Detoxing is much safer in the care of trained medical professionals. The medical staff has the ability to monitor your vital signs and provide any necessary treatment should any serious complications arise.

The staff at treatment centers work to make you feel as comfortable as possible.

Myth #6: Successful Sobriety Includes AA

You may have heard that Alcoholics Anonymous (AA) is the main treatment path of alcohol use disorder; although that is true, the recovery community is huge and is not limited to one single way of doing things.

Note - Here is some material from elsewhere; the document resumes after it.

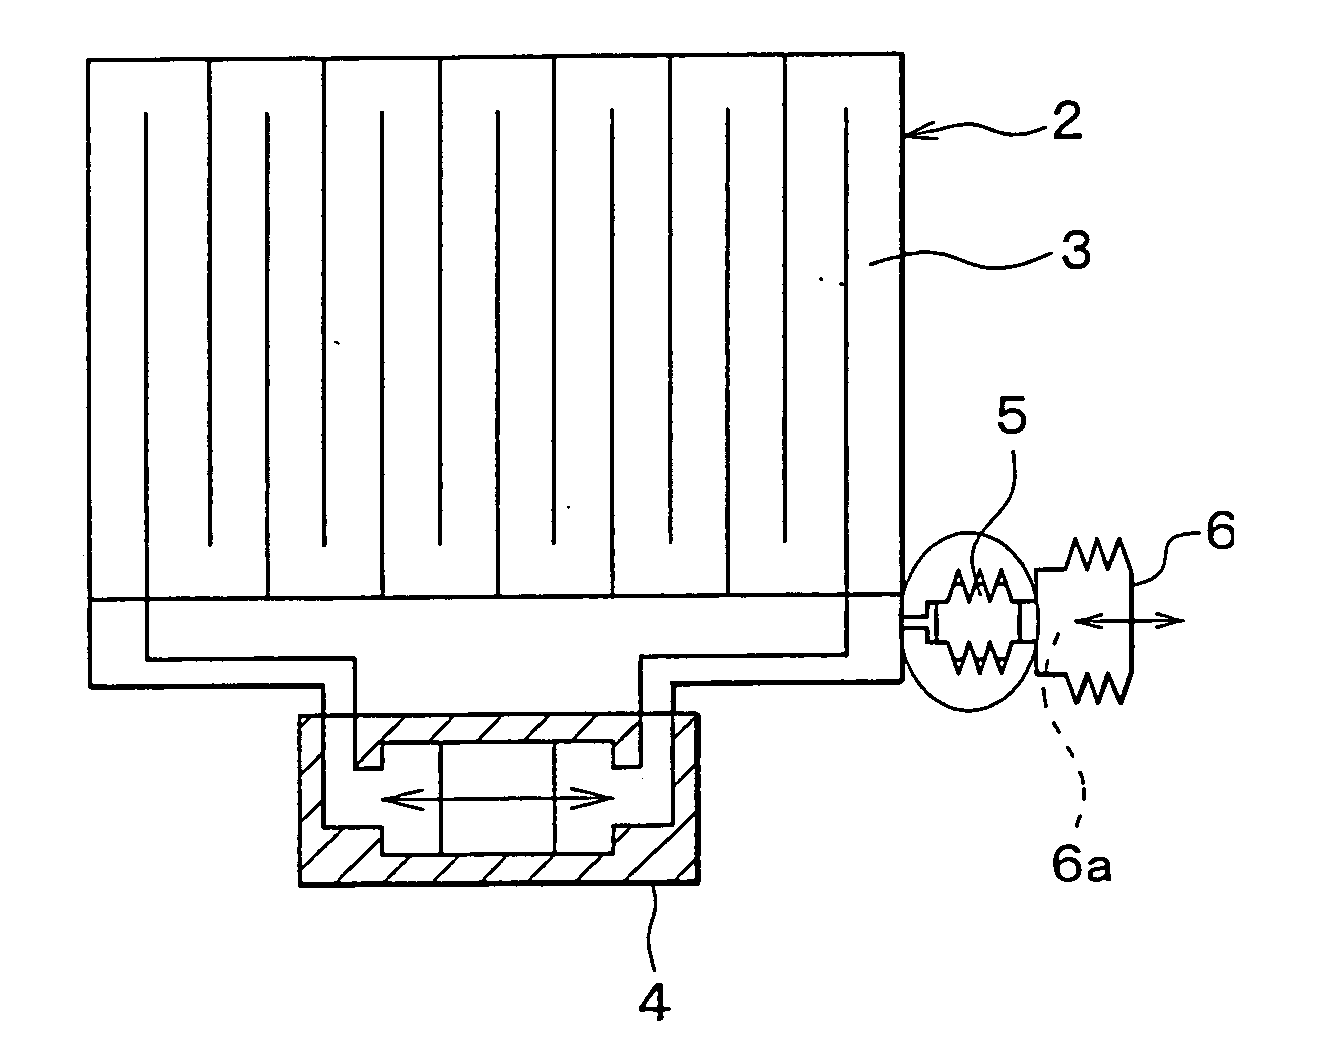 Counter-stream-mode oscillating-flow heat transport apparatus

There are numerous options when it comes to choosing support.

Alcohol Anonymous can be very beneficial for some people but it’s not the cure-all for addiction.

You are sober when you refrain from alcohol, however, you choose to do that is up to you.

Addiction Recovery is More than Myth

Myths about alcoholism and recovery often inhibit people from getting help, either because they feel they do not fit the profile of an alcoholic or because they feel so discouraged and truly believe they can never get sober.

Greater knowledge of the truth about alcoholism and recovery can help people with drinking problems seek help. When loved ones and friends are able to accurately identify a drinking problem, they are able to encourage the individuals they care about to get help.